Very recently, I was having a particularly light-hearted phone conversation with my partner one night when it started to go to hell over the most inconsequential matter. It escalated into an argument and I told him in very few words that if he was going to get angry over something so stupid then the conversation needed to end right there, lest we say anything hurtful. And so it did.
I was one of those couples that used to say that we didn’t argue much, or even at all, but as you get to know that person and all their nit-picky little habits, that sentence unfortunately turns void. As such, over the years, I’ve had many opportunities to confront a situation and try to face it head on.
Men usually try to stay away from immediate conversations to cool off, but I’d rather just confront it right there and then, thank you very much, and let go of whatever residual anger there is. I don’t need to go into tomorrow’s meeting fuming over an argument we just had – but, you can’t always get what you want. Now most handbooks and advice columns preach that you should never go to bed angry, well I have to say that sometimes that just isn’t very possible at all.
So instead of having a long drawn-out argument that would have lasted quite a while, I called him the next morning and accepted whatever it is he wanted to say and let the argument end there.
Did I give up and just let him walk all over me?
Of course not! That should never happen, because how effective is that in the long-run?

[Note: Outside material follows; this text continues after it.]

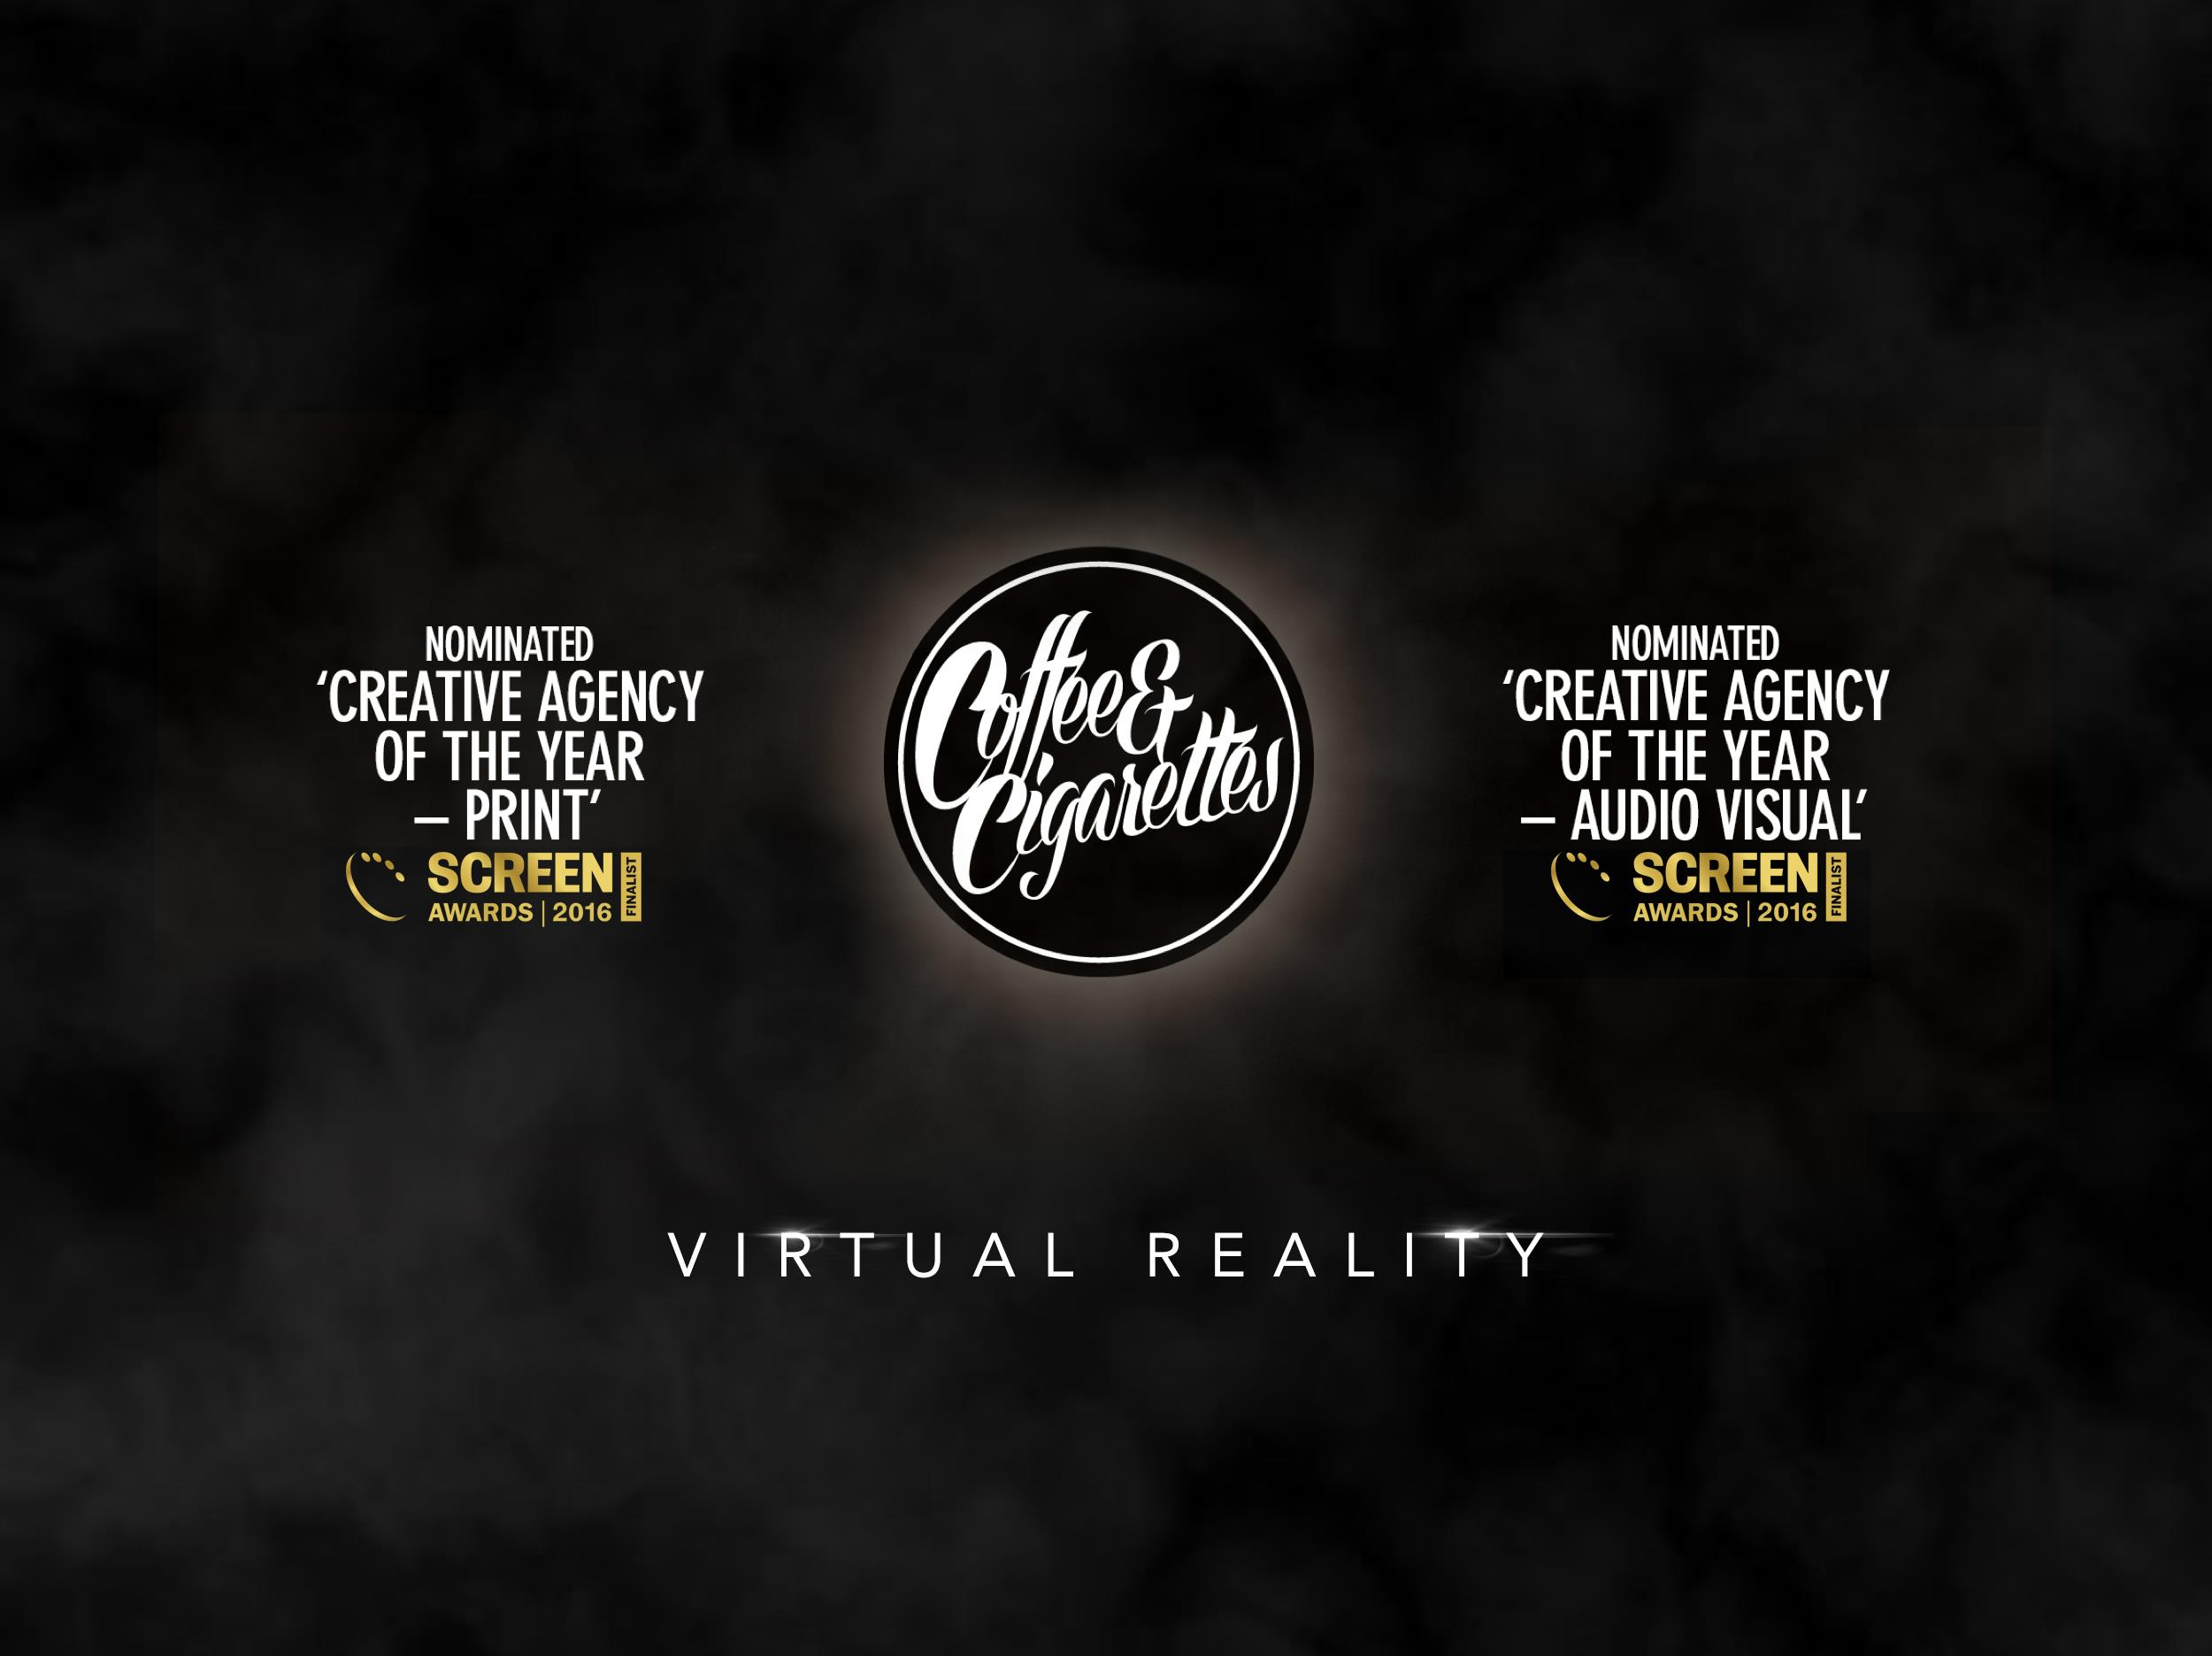 C&C Virtual Reality

You’ll constantly get into the same fights and it doesn’t take a psychiatrist to tell you that your relationship might receive a rather permanent crack in it.
I just decided to agree to disagree and that we were left at an impasse. We are two unique individuals who cannot possibly agree on every single thing and that is something that I think couples should realise. There will always be differences, but it is how you deal with them that lay the solution.
With some arguments, you do have to attest to the fact that you just might be wrong when you really are. Pride gets you nowhere and just draws out a rather emotional process and I do have to say, women are guilty of it to. I’ve had to wave a white flag now and then because I was indeed in the wrong. I had to accept it, apologise and move on.
When is it best to stand down though? Backing-off instead of confronting the situation sometimes does help, allowing you to rationalise the situation properly. You can even talk it over with someone you trust so that it allows you to see things from a different perspective, while at other times; the time simply allows you to stop being so stubborn and just kiss and make-up already.
Don’t take it the wrong way though, conflict doesn’t mean that a person wins or loses. It means that there is a difference in opinion, a problem or obstacle within the relationship that generally needs to be addressed. In some cases, standing down means not getting defensive and instead resolving the issue in a manner that doesn’t point fingers. How does blaming anyone or even yourself help the situation, when you could be working towards a solution instead.
So let go, let live and you’ll be all the more happy about it. The next time you get into an argument, decide whether it’s worth the agony of feeling justified or if it’s a sign that a discussion is in order to keep the relationship going.
*The views and opinions expressed in this article are those of the author’s and are not those of a health-care providing professional or counsellor and are not intended to substitute for informed professional advice.